** Task brief **
Please write out each entry below exactly as it appears.

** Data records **
BEGIN

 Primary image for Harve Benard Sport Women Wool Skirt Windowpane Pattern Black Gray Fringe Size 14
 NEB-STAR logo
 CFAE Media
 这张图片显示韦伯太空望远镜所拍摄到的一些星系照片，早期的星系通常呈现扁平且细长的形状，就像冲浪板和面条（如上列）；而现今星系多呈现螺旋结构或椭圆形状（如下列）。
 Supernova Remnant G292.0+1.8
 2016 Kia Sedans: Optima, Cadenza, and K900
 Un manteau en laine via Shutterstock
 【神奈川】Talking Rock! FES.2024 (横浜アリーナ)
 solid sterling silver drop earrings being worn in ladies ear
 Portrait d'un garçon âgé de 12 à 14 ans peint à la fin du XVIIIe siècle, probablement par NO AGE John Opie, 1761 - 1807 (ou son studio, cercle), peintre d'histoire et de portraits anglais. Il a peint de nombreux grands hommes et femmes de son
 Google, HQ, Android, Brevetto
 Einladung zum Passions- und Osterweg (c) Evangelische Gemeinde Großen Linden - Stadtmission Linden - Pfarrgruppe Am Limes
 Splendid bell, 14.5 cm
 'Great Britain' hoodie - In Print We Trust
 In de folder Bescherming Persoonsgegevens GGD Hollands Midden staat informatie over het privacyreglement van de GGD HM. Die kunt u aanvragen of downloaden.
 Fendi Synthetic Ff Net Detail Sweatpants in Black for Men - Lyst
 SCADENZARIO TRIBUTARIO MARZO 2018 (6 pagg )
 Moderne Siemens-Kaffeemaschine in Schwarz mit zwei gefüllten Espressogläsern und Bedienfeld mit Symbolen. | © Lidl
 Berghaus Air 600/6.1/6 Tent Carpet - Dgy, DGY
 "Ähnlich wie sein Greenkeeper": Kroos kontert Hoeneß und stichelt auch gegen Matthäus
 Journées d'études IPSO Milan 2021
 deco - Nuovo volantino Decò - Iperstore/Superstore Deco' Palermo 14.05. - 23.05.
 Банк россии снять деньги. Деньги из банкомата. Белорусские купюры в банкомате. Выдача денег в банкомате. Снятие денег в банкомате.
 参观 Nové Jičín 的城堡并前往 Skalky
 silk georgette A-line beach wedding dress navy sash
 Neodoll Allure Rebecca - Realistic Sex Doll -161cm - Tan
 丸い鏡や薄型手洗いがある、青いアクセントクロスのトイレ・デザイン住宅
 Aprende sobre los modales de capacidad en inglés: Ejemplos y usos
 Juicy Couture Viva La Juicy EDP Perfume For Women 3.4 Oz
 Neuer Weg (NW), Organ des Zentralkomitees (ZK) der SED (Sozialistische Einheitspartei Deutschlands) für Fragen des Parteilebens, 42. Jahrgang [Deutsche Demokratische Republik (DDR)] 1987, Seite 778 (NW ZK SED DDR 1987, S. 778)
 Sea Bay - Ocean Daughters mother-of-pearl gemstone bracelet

END

** Completed task **
 Primary image for Harve Benard Sport Women Wool Skirt Windowpane Pattern Black Gray Fringe Size 14
 NEB-STAR logo
 CFAE Media
 这张图片显示韦伯太空望远镜所拍摄到的一些星系照片，早期的星系通常呈现扁平且细长的形状，就像冲浪板和面条（如上列）；而现今星系多呈现螺旋结构或椭圆形状（如下列）。
 Supernova Remnant G292.0+1.8
 2016 Kia Sedans: Optima, Cadenza, and K900
 Un manteau en laine via Shutterstock
 【神奈川】Talking Rock! FES.2024 (横浜アリーナ)
 solid sterling silver drop earrings being worn in ladies ear
 Portrait d'un garçon âgé de 12 à 14 ans peint à la fin du XVIIIe siècle, probablement par NO AGE John Opie, 1761 - 1807 (ou son studio, cercle), peintre d'histoire et de portraits anglais. Il a peint de nombreux grands hommes et femmes de son
 Google, HQ, Android, Brevetto
 Einladung zum Passions- und Osterweg (c) Evangelische Gemeinde Großen Linden - Stadtmission Linden - Pfarrgruppe Am Limes
 Splendid bell, 14.5 cm
 'Great Britain' hoodie - In Print We Trust
 In de folder Bescherming Persoonsgegevens GGD Hollands Midden staat informatie over het privacyreglement van de GGD HM. Die kunt u aanvragen of downloaden.
 Fendi Synthetic Ff Net Detail Sweatpants in Black for Men - Lyst
 SCADENZARIO TRIBUTARIO MARZO 2018 (6 pagg )
 Moderne Siemens-Kaffeemaschine in Schwarz mit zwei gefüllten Espressogläsern und Bedienfeld mit Symbolen. | © Lidl
 Berghaus Air 600/6.1/6 Tent Carpet - Dgy, DGY
 "Ähnlich wie sein Greenkeeper": Kroos kontert Hoeneß und stichelt auch gegen Matthäus
 Journées d'études IPSO Milan 2021
 deco - Nuovo volantino Decò - Iperstore/Superstore Deco' Palermo 14.05. - 23.05.
 Банк россии снять деньги. Деньги из банкомата. Белорусские купюры в банкомате. Выдача денег в банкомате. Снятие денег в банкомате.
 参观 Nové Jičín 的城堡并前往 Skalky
 silk georgette A-line beach wedding dress navy sash
 Neodoll Allure Rebecca - Realistic Sex Doll -161cm - Tan
 丸い鏡や薄型手洗いがある、青いアクセントクロスのトイレ・デザイン住宅
 Aprende sobre los modales de capacidad en inglés: Ejemplos y usos
 Juicy Couture Viva La Juicy EDP Perfume For Women 3.4 Oz
 Neuer Weg (NW), Organ des Zentralkomitees (ZK) der SED (Sozialistische Einheitspartei Deutschlands) für Fragen des Parteilebens, 42. Jahrgang [Deutsche Demokratische Republik (DDR)] 1987, Seite 778 (NW ZK SED DDR 1987, S. 778)
 Sea Bay - Ocean Daughters mother-of-pearl gemstone bracelet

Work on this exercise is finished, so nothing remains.